2021/08/31

Performance measurement on the Mercari website using Chrome DevTools

Author:: urahiroshi

, 2021/08/31

Performance measurement on the Mercari website using Chrome DevTools

* This article is a translation of the Japanese article written on December 12, 2018.

—

Hello, I’m @urahiroshi from the frontend team. I wrote an article day 12 of the Mercari Advent Calendar 2018.

We held an internal reading circle of "Super Speed! Web Page Speed Improvement Guide (Japanese book)" from August to December 2018 with front-end team volunteers from Mercari and Merpay. The phrase "Don’t guess, measure" is introduced in this book.
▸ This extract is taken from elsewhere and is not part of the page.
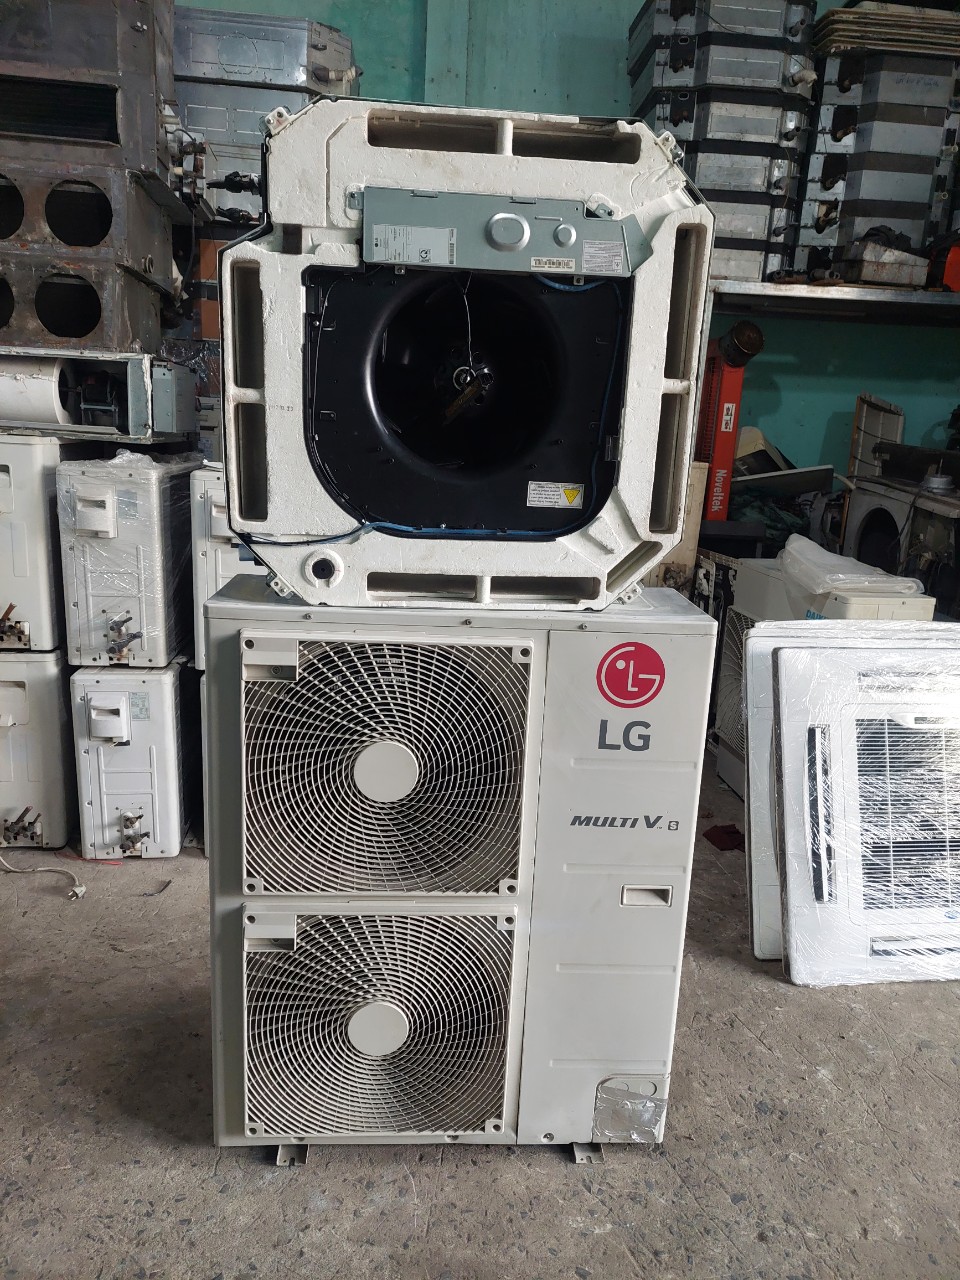 Lắp máy lạnh âm trần chính hãng Tây Ninh - 0907 243 680 Mr Bảo
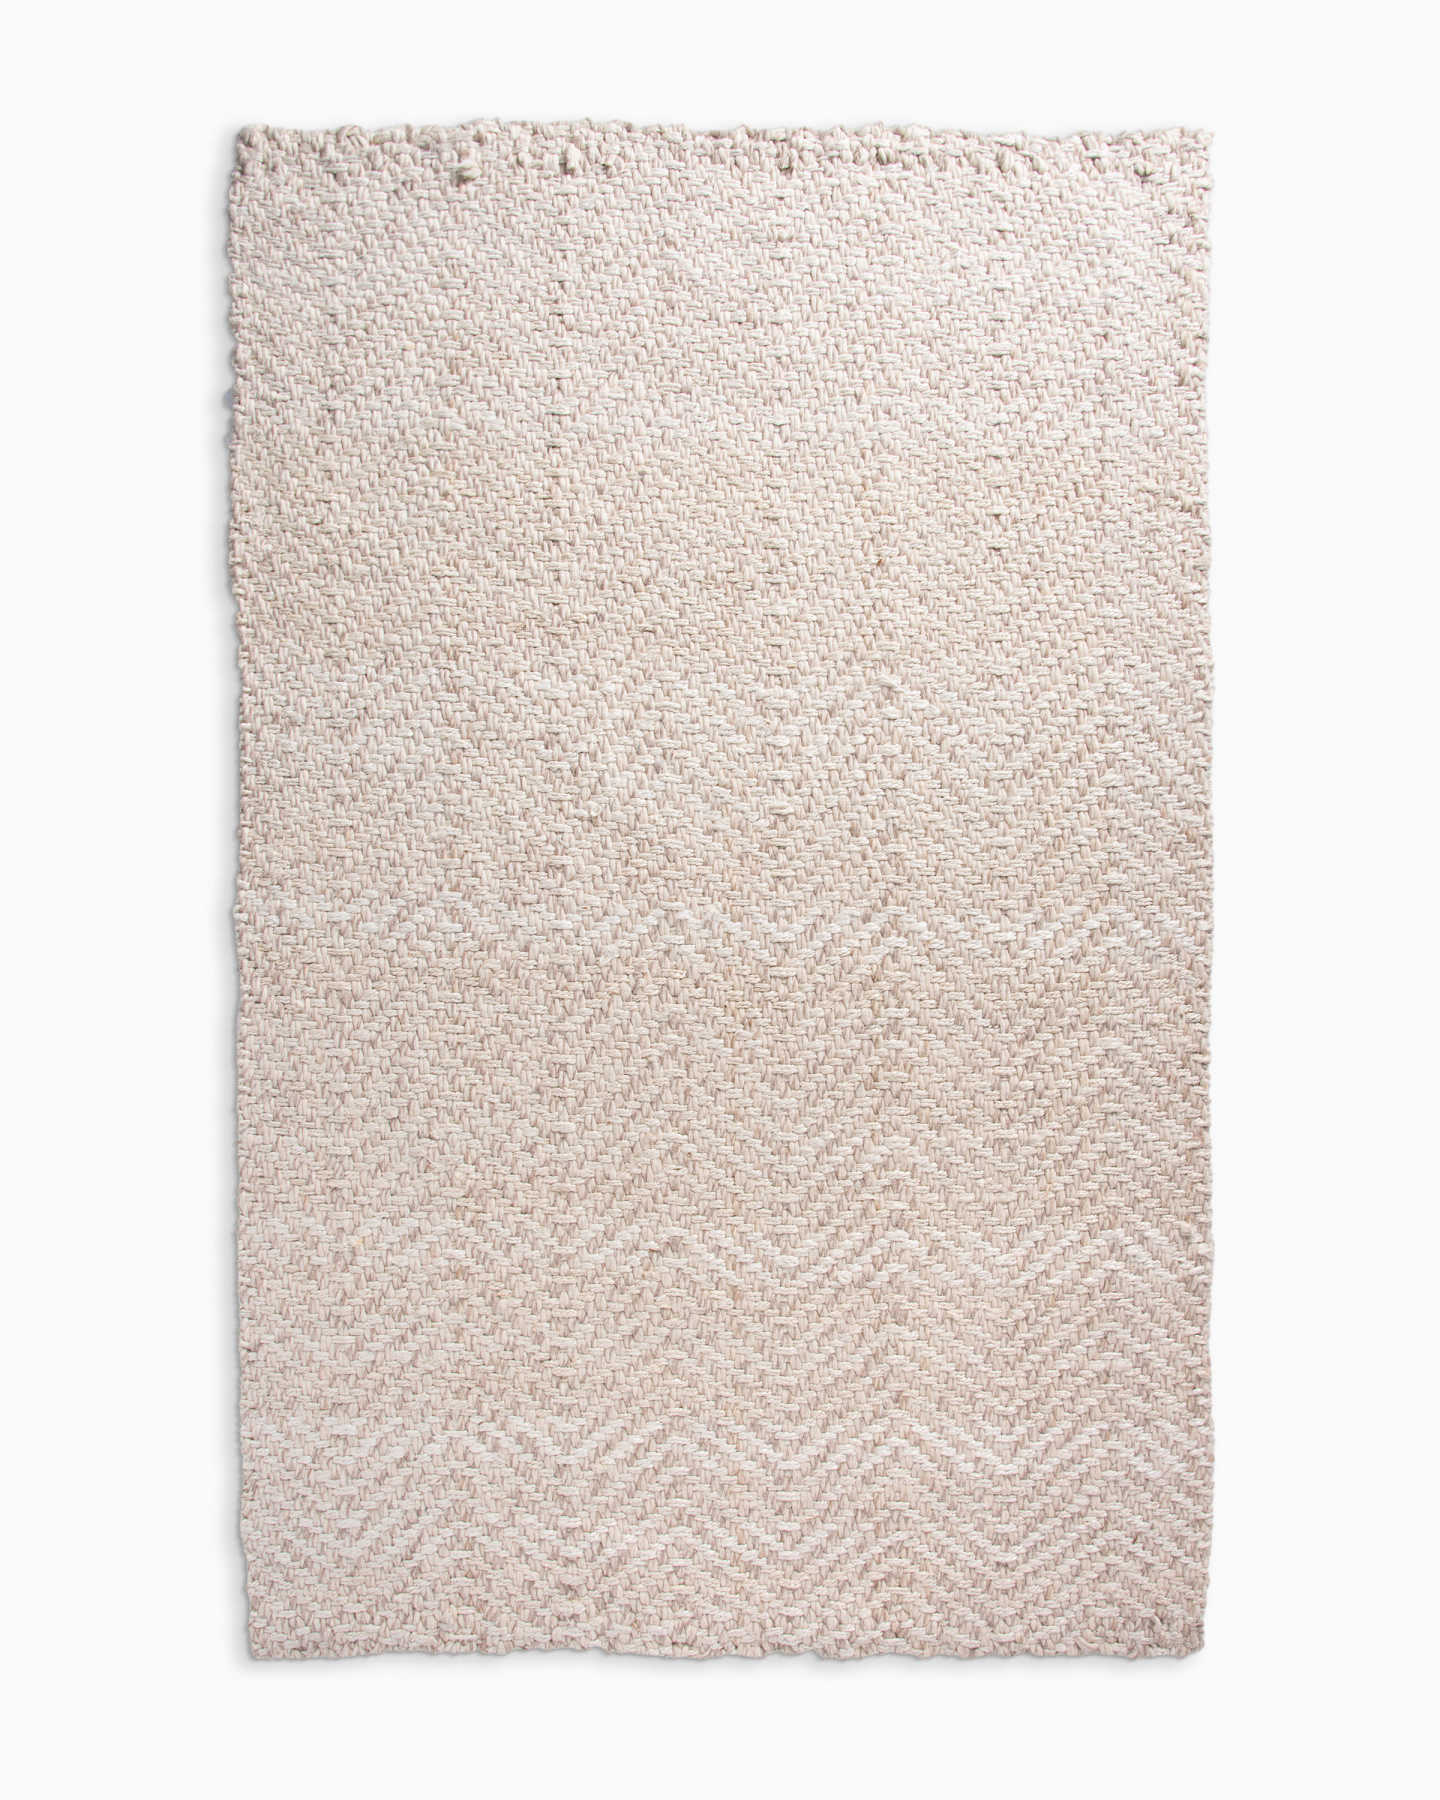 Wool and Jute Herringbone Rug - Natural/White - 0

I will introduce the performance measurement and simple analysis of Mercari website using Chrome DevTools, based on this phrase and using the knowledge learned in the reading circle.

Note that the project to replace the architecture of the Mercari website is currently underway, so the performance values measured in this article may change drastically. One of the purposes of writing this article is to enjoy how much the numbers have improved after the replacement of the architecture.

Measurement methods and environment

The measurements were taken using the Performance panel of DevTools in Google Chrome 71.0.3578.80. Since the specs of an engineer’s PC and the network environment are high compared to smartphones, the results may be different from normal user experience if measured as is. Therefore, in this measurement, we selected Network: Fast 3G and CPU: 4x slowdown in the Performance panel to simulate the environment with slowed down CPU and network.

f:id:urahiroshi:20181210081119p:plain — State of measurement

Clicking the Start profiling and reload page button (the button with the red frame) in the above figure will start profiling the currently displayed page.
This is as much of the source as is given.